— What to work on —
Write the listing out once more, identical to the original but without pictures.
━━━━━ Supplied information
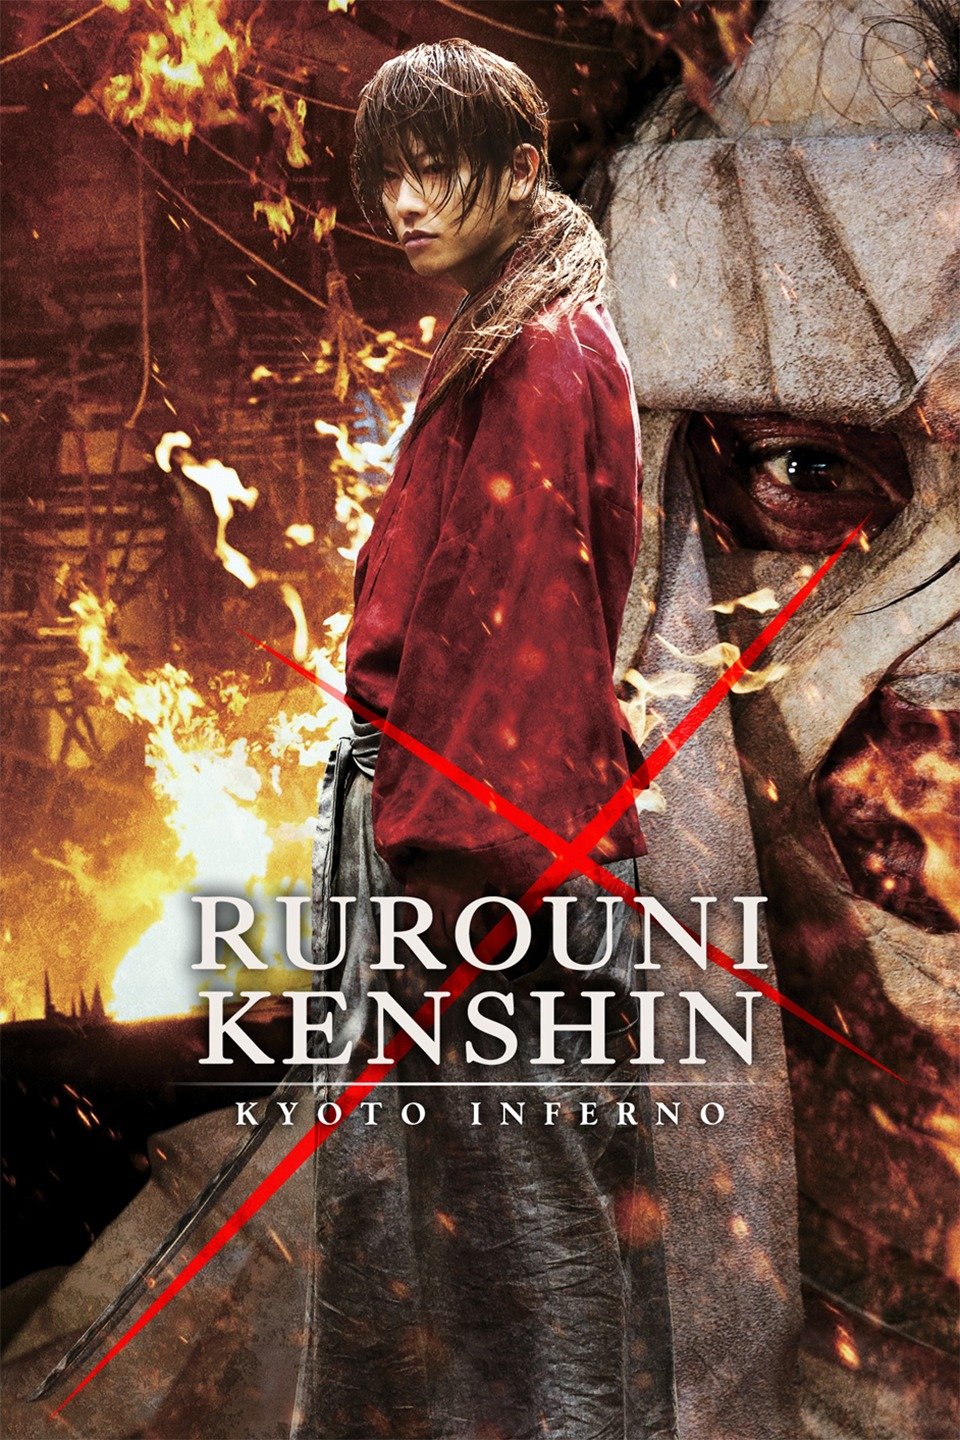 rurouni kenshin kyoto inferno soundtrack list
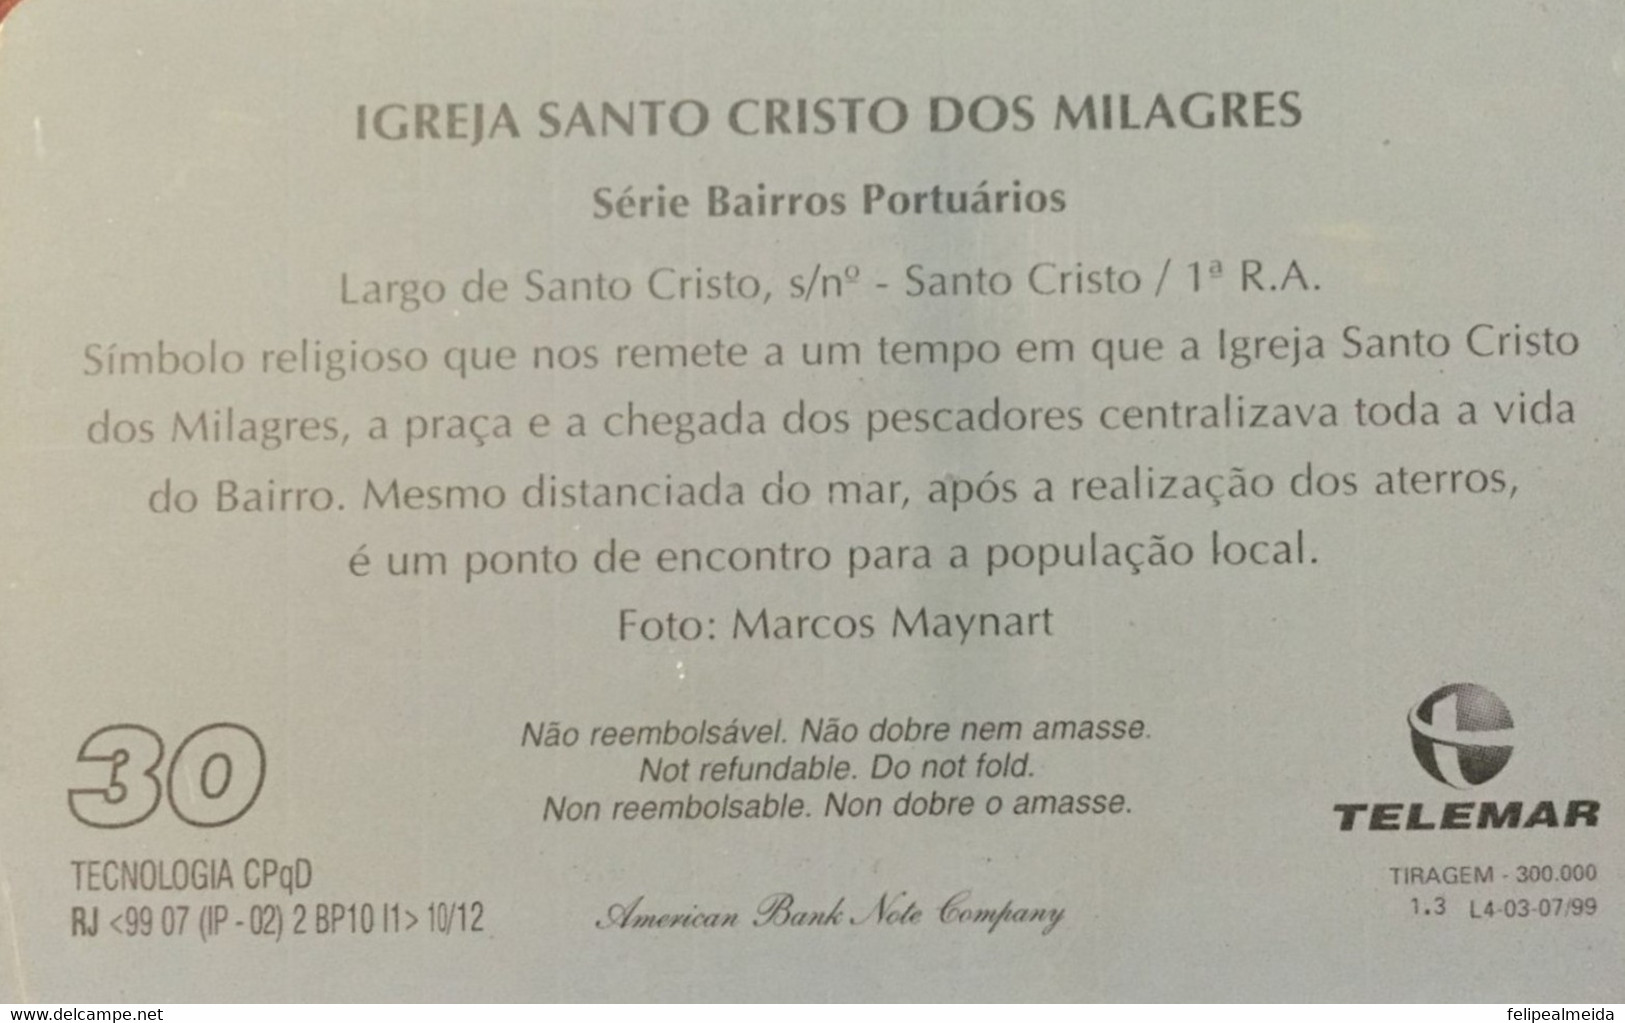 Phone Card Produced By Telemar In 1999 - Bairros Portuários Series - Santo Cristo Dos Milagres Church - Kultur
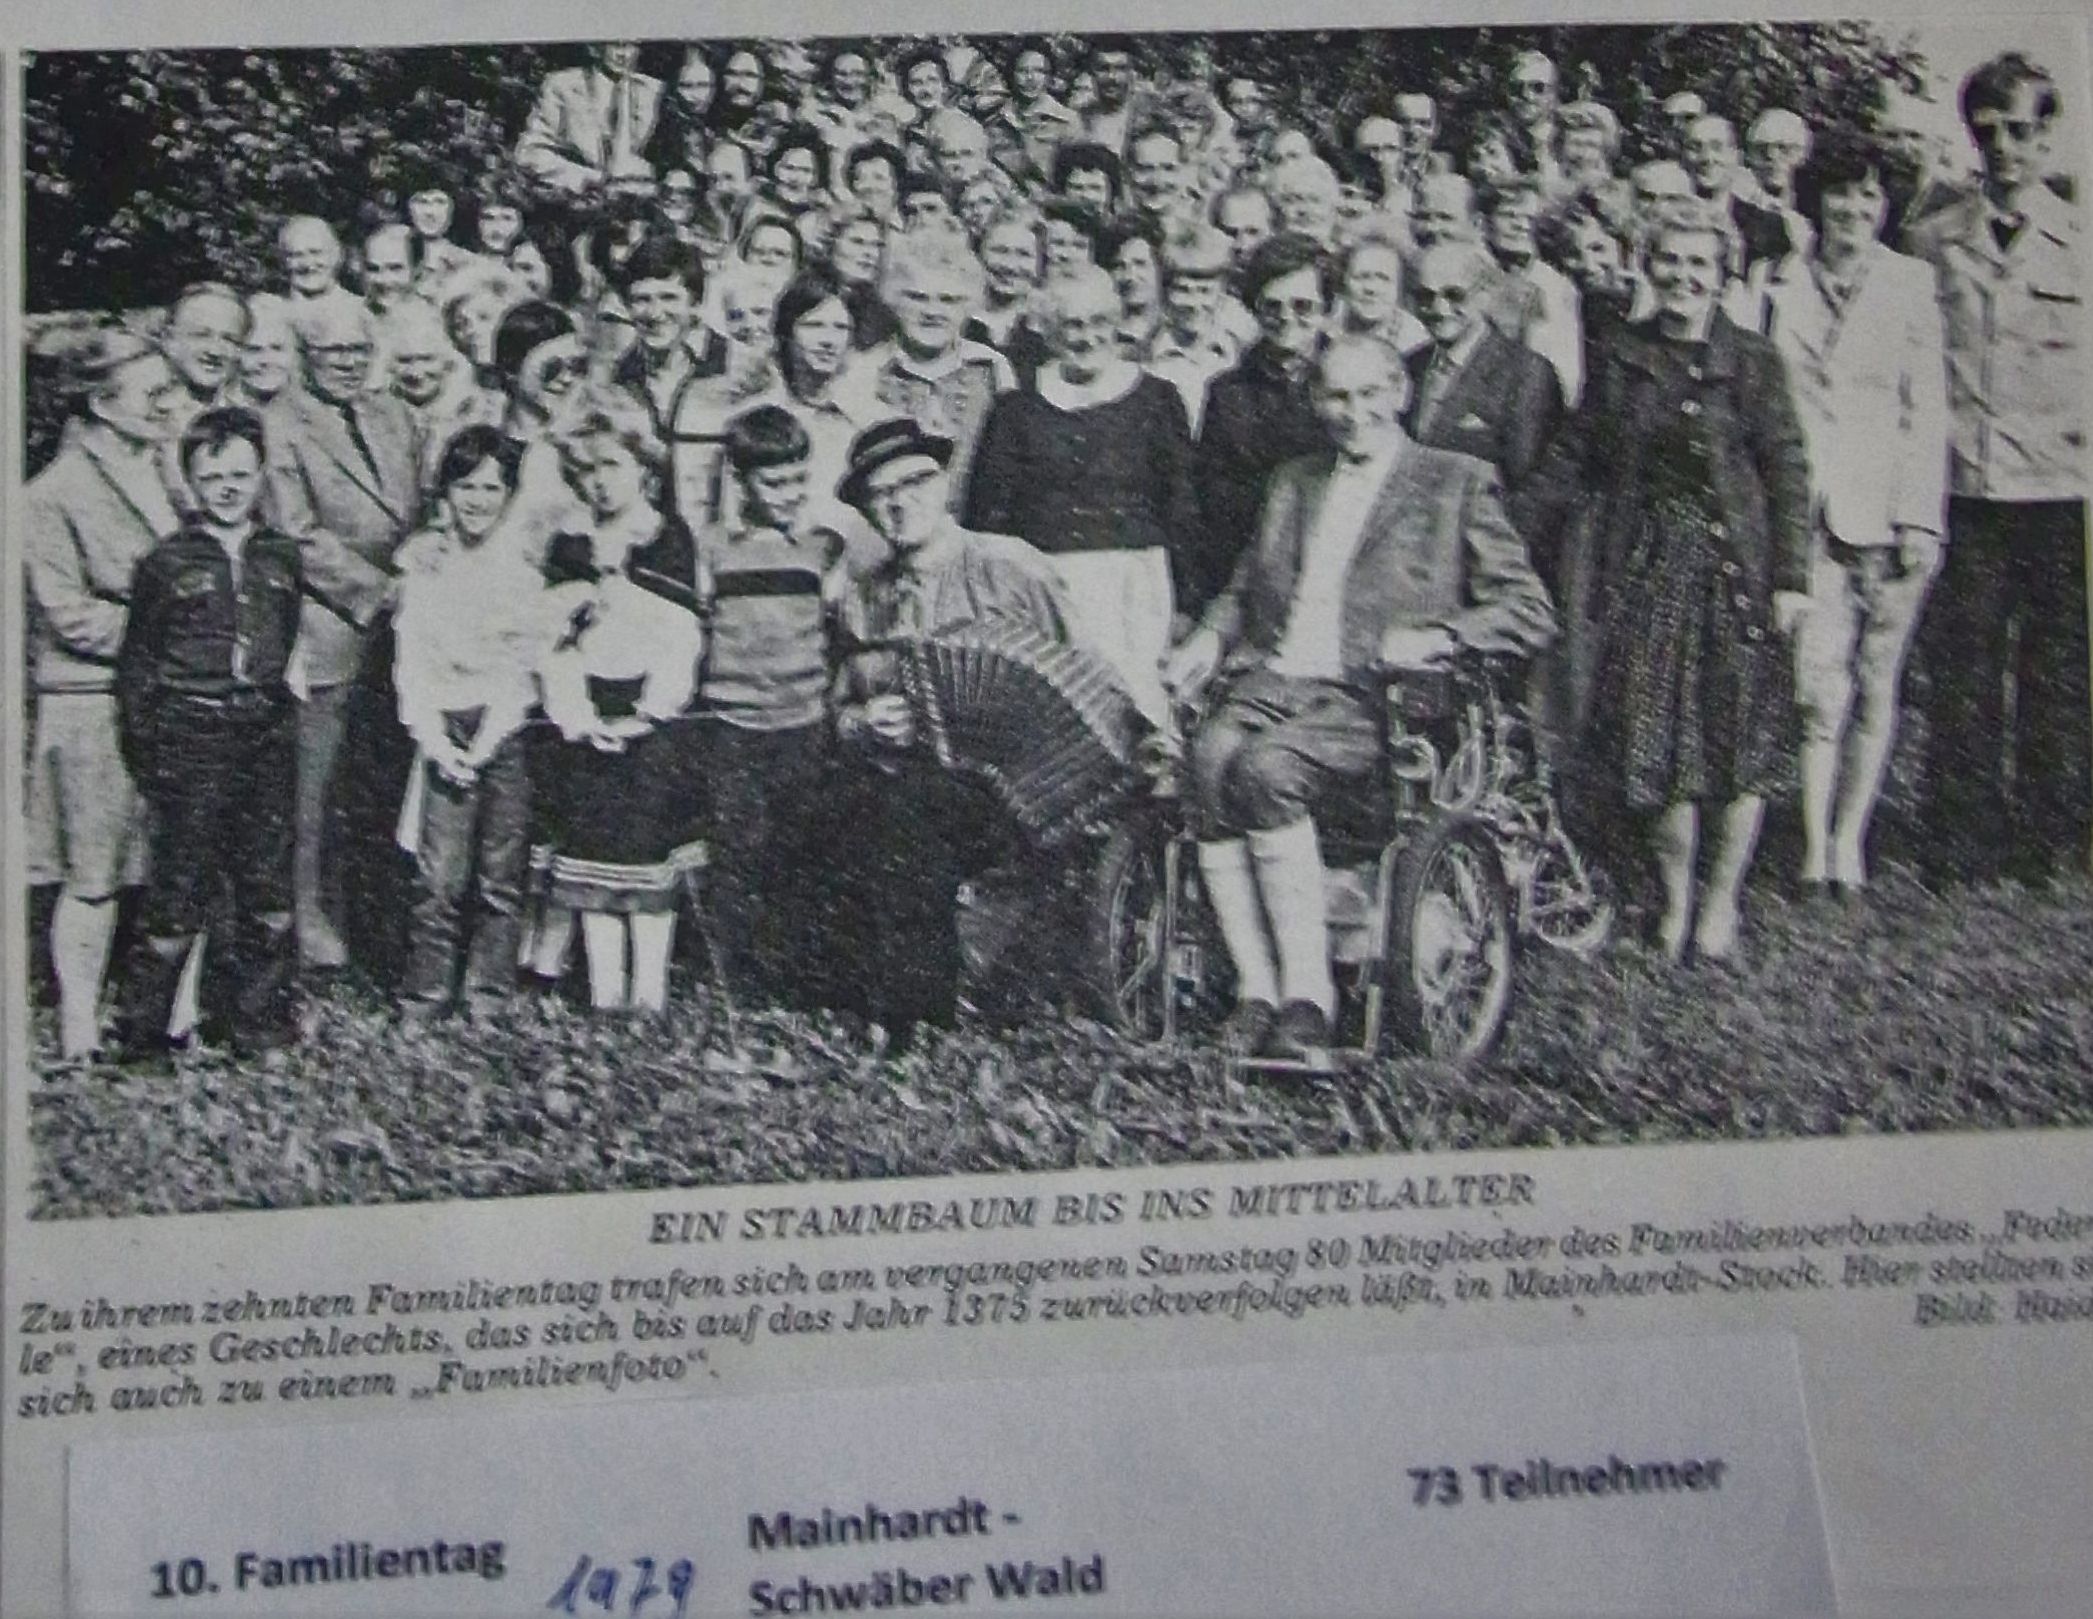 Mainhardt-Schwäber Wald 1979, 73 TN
━━━━━━━━━━
— Solution to the exercise —
 rurouni kenshin kyoto inferno soundtrack list
 Phone Card Produced By Telemar In 1999 - Bairros Portuários Series - Santo Cristo Dos Milagres Church - Kultur
 Mainhardt-Schwäber Wald 1979, 73 TN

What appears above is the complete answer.